Monday, May 7, 2007

Terrific truffade


When I find myself in the Montparnasse area in Paris the first thing I usually think of is crêpes, since this is the area where most of the city's Breton population settled (it seems they got off the train at Montparnasse and never left the area). I know I'll be eating a few crêpes this week as I'm on my way to the Ile de Ré, an island off the Atlantic coast near La Rochelle, for a week's holiday. So I was grateful to come across the café Le Plomb du Cantal in rue de la Gaîté, a once-seedy street near the Montparnasse tower that is now lined with theaters, cafés and cute bars like Le Tournesol.
Le Plomb du Cantal is an area in the sparsely populated Auvergne region in central France. The closest I've come to this region is the Lozère, which is just south of the Auvergne's vocanic hills and shares their rib-sticking cuisine. The people of the Lozère turn up their noses at any vividly colored vegetable, preferring to accompany each meal, winter or summer, with a mixture of mashed potato and fresh tomme cheese. This mixture comes in two forms: the smooth, famously stringy purée known as aligot and the chunkier mix called truffade.
At Le Plomb du Cantal nearly ever diner was tucking into a sausage link about half as long as my arm next to an enormous heap of truffade, like a central French take on English breakfast. I was about to order the same thing when Philippe beat me to it, and I realised that his serving would easily be big enough for both of us. I quickly switched to the frisée salad topped with about as much bacon as I would normally eat in a year, while Sam had juicy jambon au torchon - miles away from industrial ham - with skinny frites maison that tasted distinctly of animal fat, which to my mind is a good thing.
In the open kitchen the cooks tossed potato chunks and tomme in huge cast-iron skillets until they melted into a sticky mass and poured this into copper pots. The friendly waitresses then scraped the lava-like mixture onto the plates at the table. I've sometimes seen truffade cooked until it develops a crust, but here it just had nice brown bits mixed in. Surprisingly it somehow wasn't too fatty, though I still think that about once a year is the right frequency to eat this dish. Plomb, by the way, is the French word for lead, which is exactly how the truffade felt in our stomachs for a few hours afterwards (it was worth it, though).

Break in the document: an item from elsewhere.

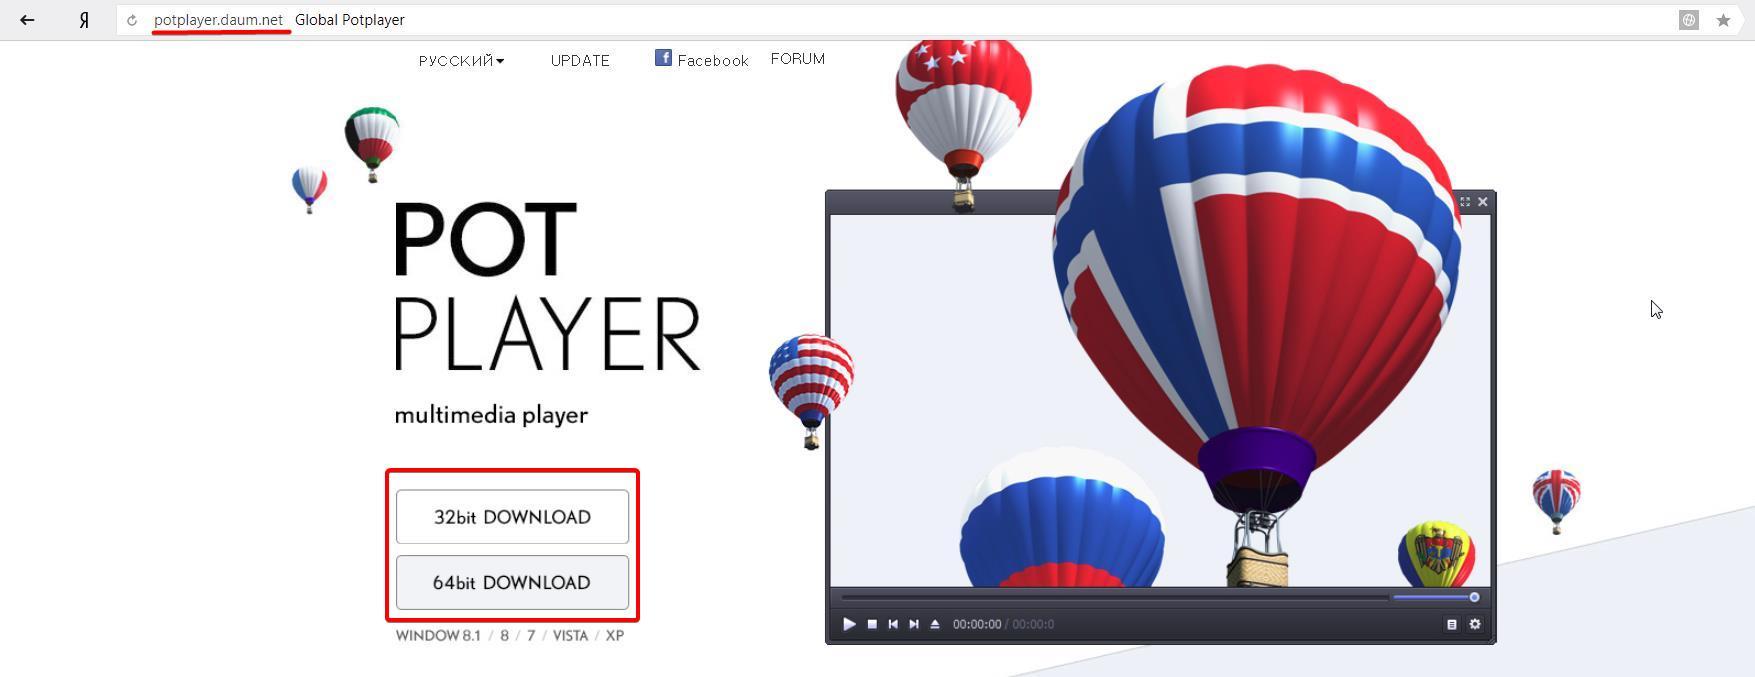 Официальный сайт PotPlayer

Much later that day, I had recovered enough to treat myself to just one crêpe from my favorite stand on boulevard Montparnasse, Chez Alberto. My only mistake was to eat it at a table inside, which spoils the fun of licking the Nutella off your fingers as it drips out of the hot crêpe. Maybe crêpes were never meant to be eaten with a knife and fork.
Note: Truffade doesn't photograph well, especially once it's out of the copper pot and on the plate. I snuck into the kitchen to capture it in its pot, but later realized that I had snapped aligot instead of truffade.